4 Intelligent fraud detection

4.1 Feature selection for dimensionality reduction

Autoencoders are Neural Networks that are, traditionally, used for dimensionality reduction. Autoencoders are trained to be capable of reproducing their inputs to outputs [7]. They adopt a hidden layer \(h(x')\) trained to depict the provided input. An autoencoder may be viewed as a model containing two parts: (i) the encoder function f(x) (x is the input into the autoencoder) and (ii) a decoder scheme that produces a reconstruction of the initial input g(h).

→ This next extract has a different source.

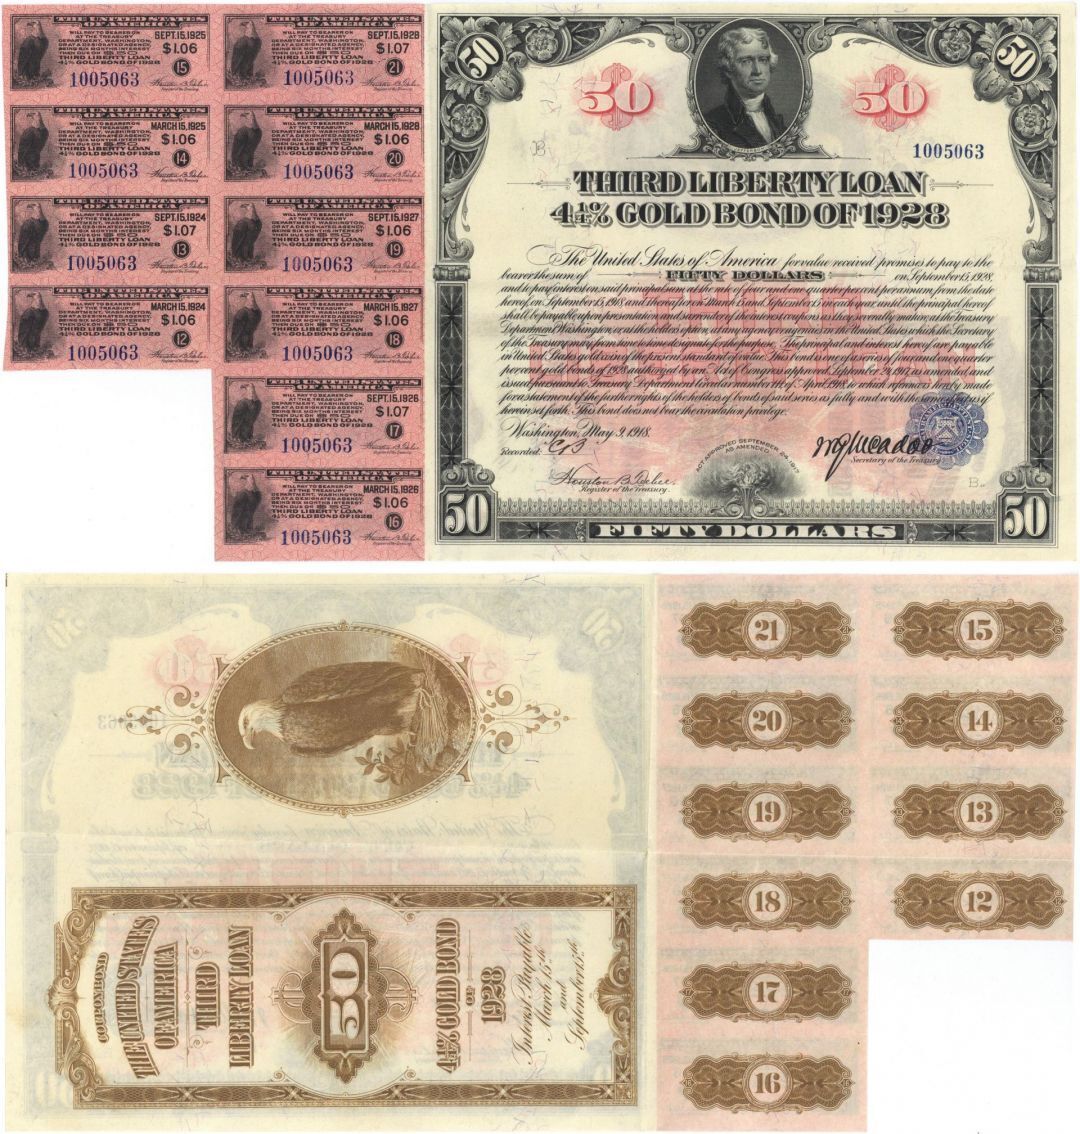 $50 1918 3rd Liberty Bond - Gorgeous Red Color - U. S. Treasury Bonds, etc.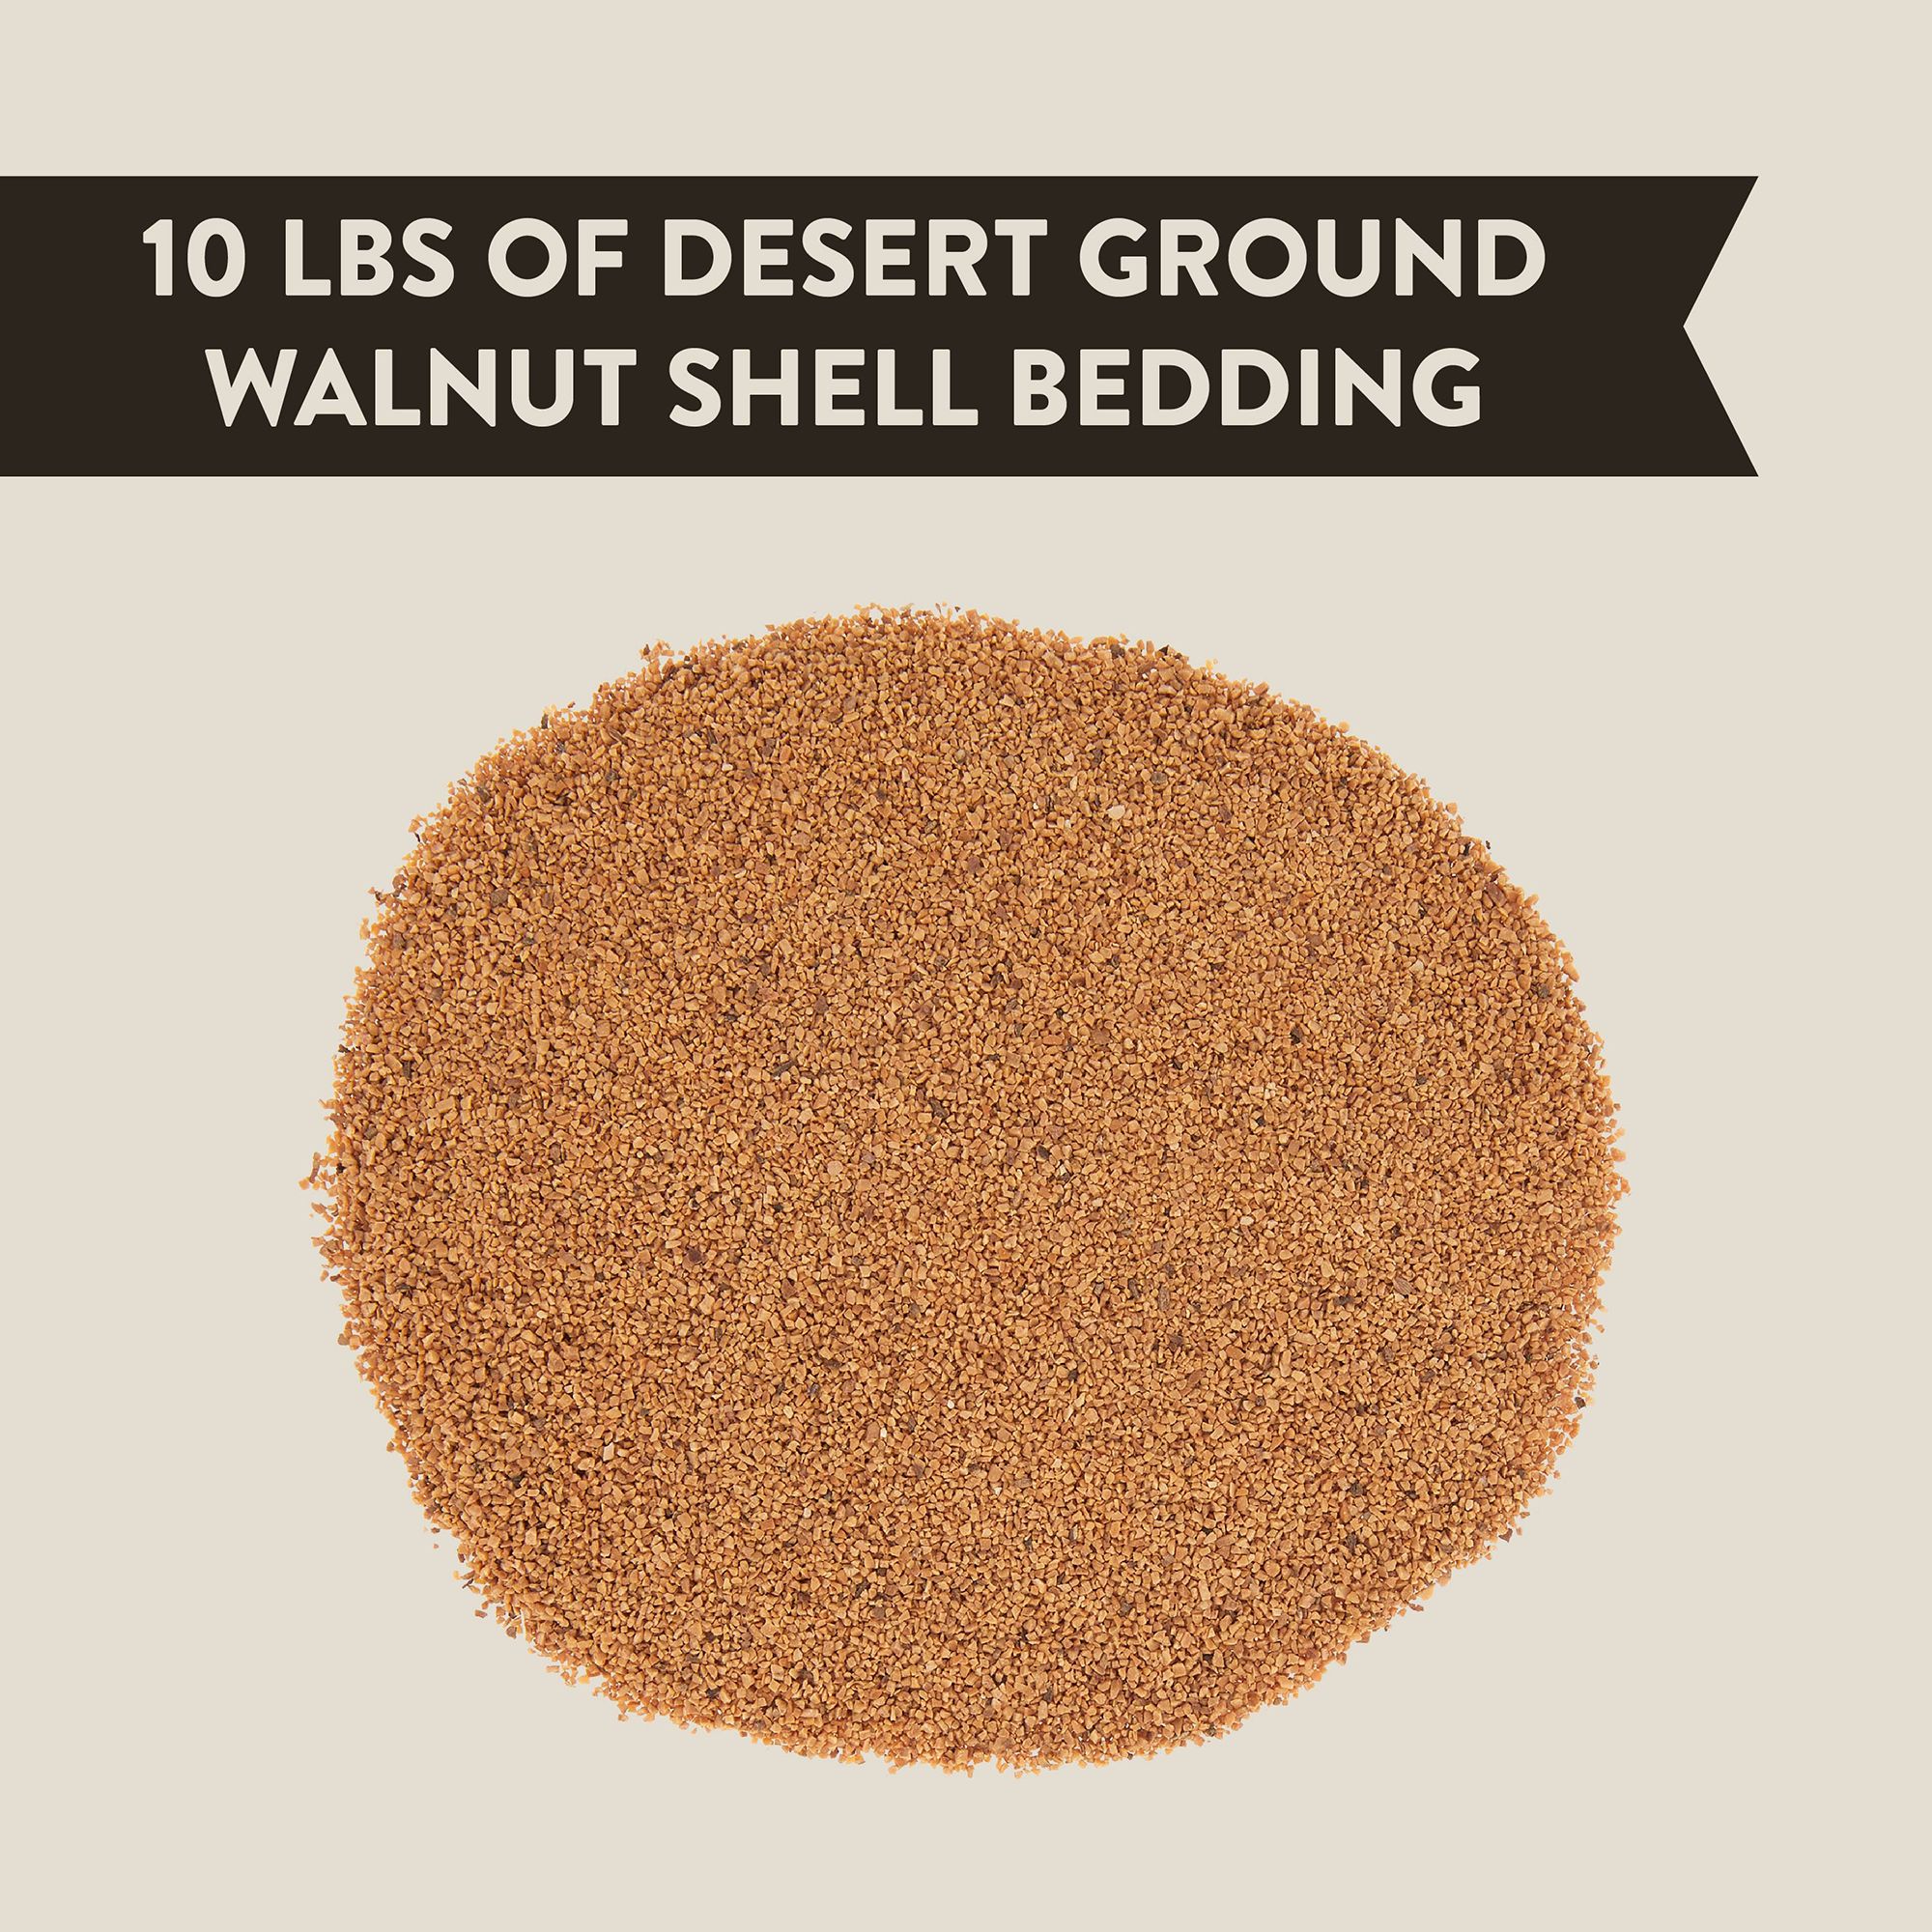 walnut shell bedding

The following equations hold true:

$$\begin{aligned} f(x) \rightarrow h(x') \end{aligned}$$
(1)
$$\begin{aligned} h(x') \rightarrow g(h) = x \end{aligned}$$
(2)
$$\begin{aligned} f(x), h(x') = \mathop {\textrm{argmin}}\limits _{f(x), h(x')} \Vert {x}- (f(x) \hspace{0,1cm} o \hspace{0,1cm} h(x')) x\Vert ^2 \end{aligned}$$
(3)

The encoder function, denoted by f(x), maps the original data x to a latent space \(h(x')\) present at the hidden layer before they are reproduced by the decoder. The decoder function, denoted by g(h), maps the latent space \(h(x')\) at the hidden layer to the output which is the same as the input. The discussed encoding network can be represented by a standard NN function transferred through the activation function, where l is the latent dimension, i.e., W and b are the weights and biases of the layers.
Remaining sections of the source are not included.